I know hundreds of thousands of people have done this. But most of the people I know who have done it are at least a generation younger than us, habitually watch TV shows on a device other than a television, and have never had a land line.

My husband and I, on the other hand, should be a cable company’s dream.

  1. We’re happy to pay money for value. If we’re getting services that are easy to manage and that please us, we are happy to pay for them. This extends from the plumber who opens our house every season to cable TV. Give us good service and we’ll pay for it.
  2. We love television. I’m not going to tell you I’m some kind of intellectual who hates TV. We love TV and in my opinion, television, particularly television from the non-basic channels and streaming services has never been better. If Dickens were alive today, he’d be writing for HBO, etc, etc.
  3. We’re middle adopters, not cutting edge people. While my husband is a bit more of a gadget person than I am, meaning that we have a bunch of boxes hooked up to our TV and bunch of remotes, in my perfect world there is one remote and one place to go to find television I want to watch–to my cable guide.
  4. We have to have internet when we’re in Maine. We’re there for the whole season, and we’re working when we’re there.

In other words, despite our older-skewing demographics, we are exactly the people cable companies should be really worried about losing. We are the types who would have hung on forever–if we’d had just a tiny bit of decent service at a reasonable price.
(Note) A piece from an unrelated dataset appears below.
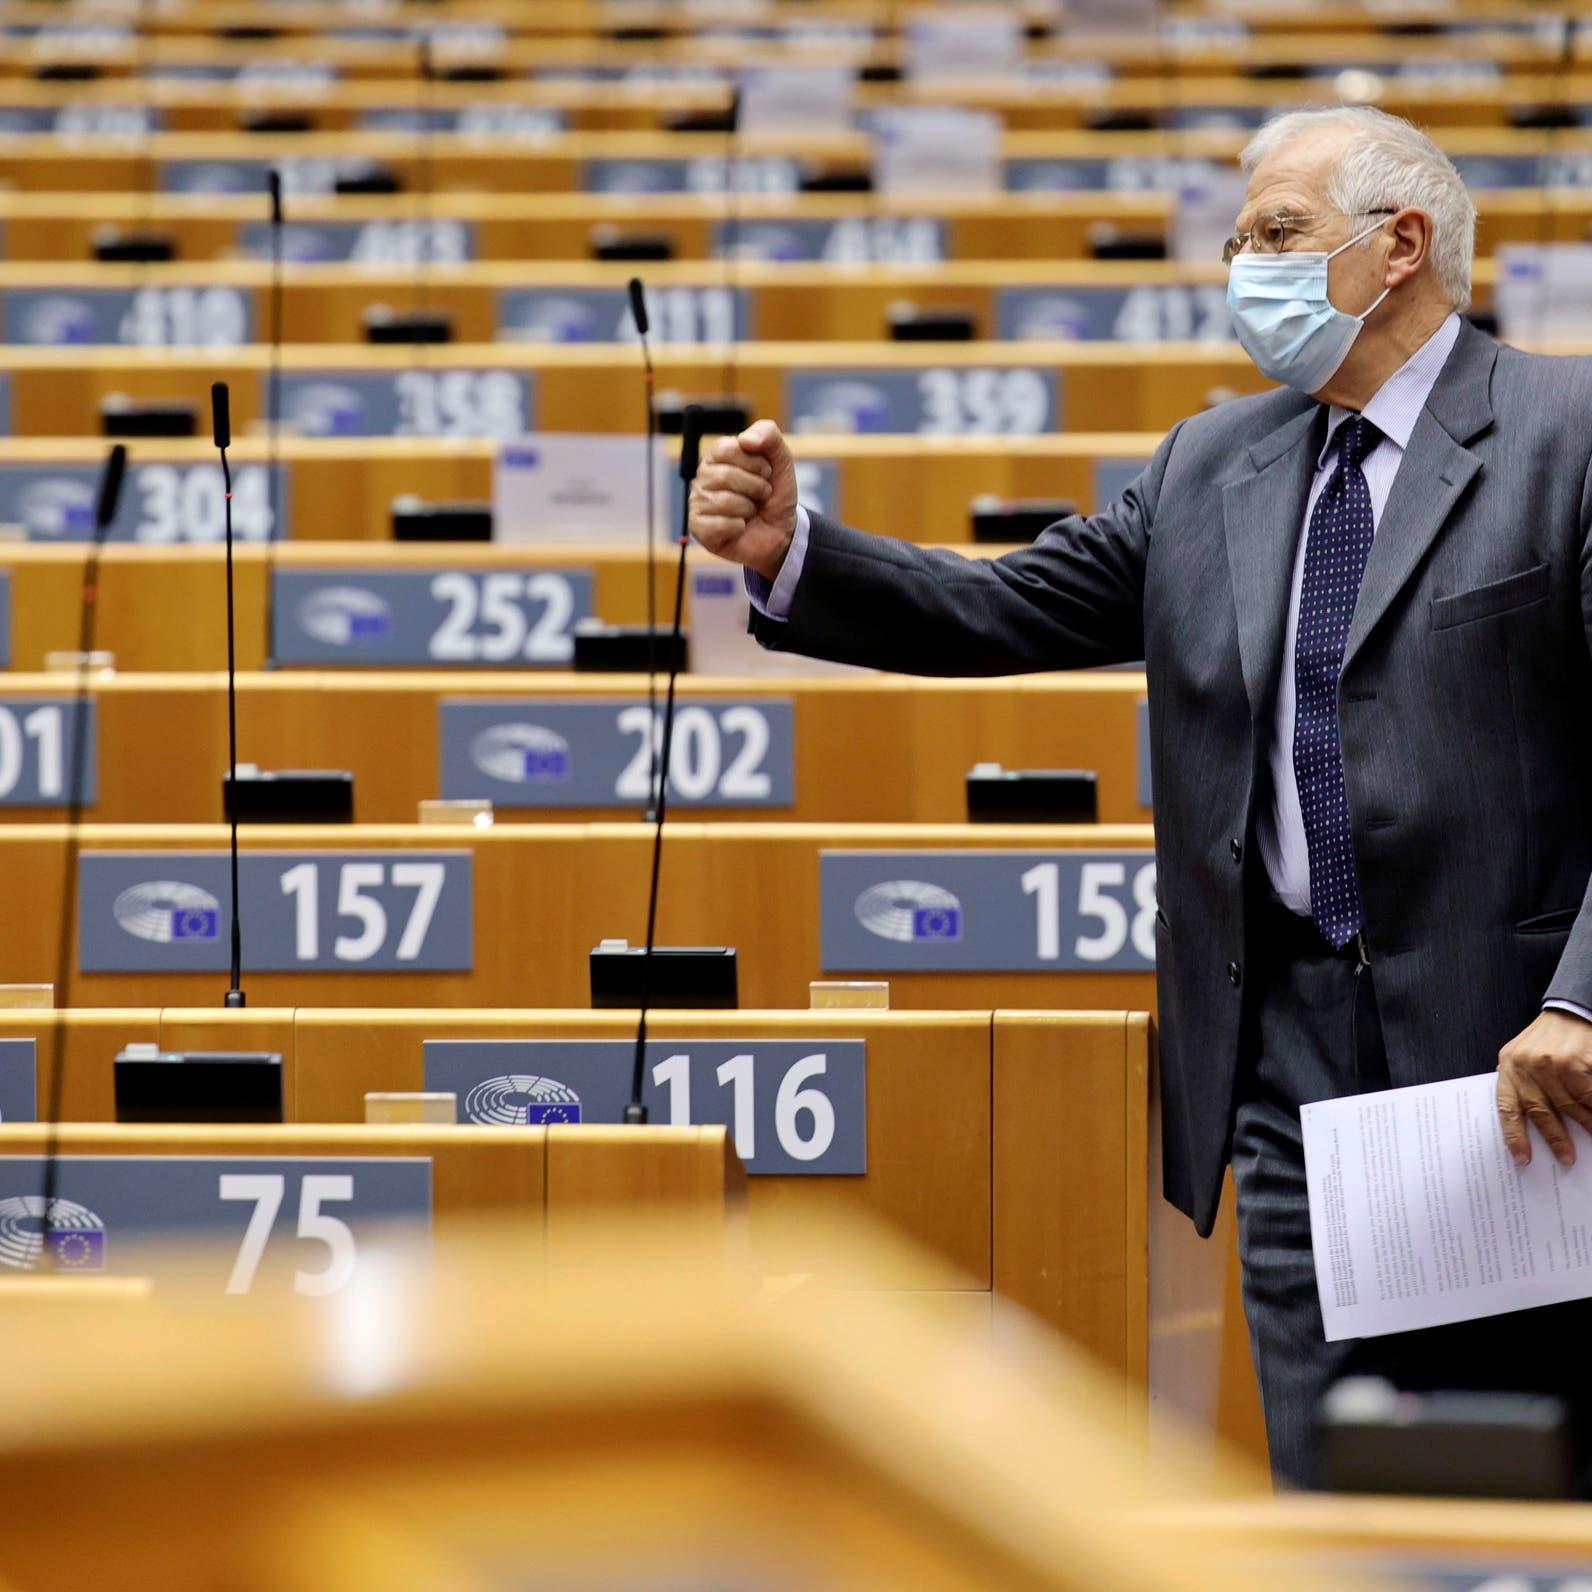 عقوبات مقبلة على تركيا.. قد تشمل شخصيات نافذة وأرصدة

We have cut the cord for one reason and one reason only. Time Warner Cable in has surpassed our previous record holder, Aetna Insurance, as the worst company in America.

The year started off with an $800 cable bill. Without telling us, Time Warner had taken our account off seasonal suspend and loaded it with every premium channel available–at full price. My husband negotiated it down quite a bit, but not nearly close to what it should have been, which was zero.

Since this occurred I’ve talked to at least three other people, people with cottages all over Maine, to whom this happened. If Time Warner thinks $800.00 is an amount most Maine residents, even seasonal residents, will just pay not to have to deal with them, they are off by more than a couple of zeros.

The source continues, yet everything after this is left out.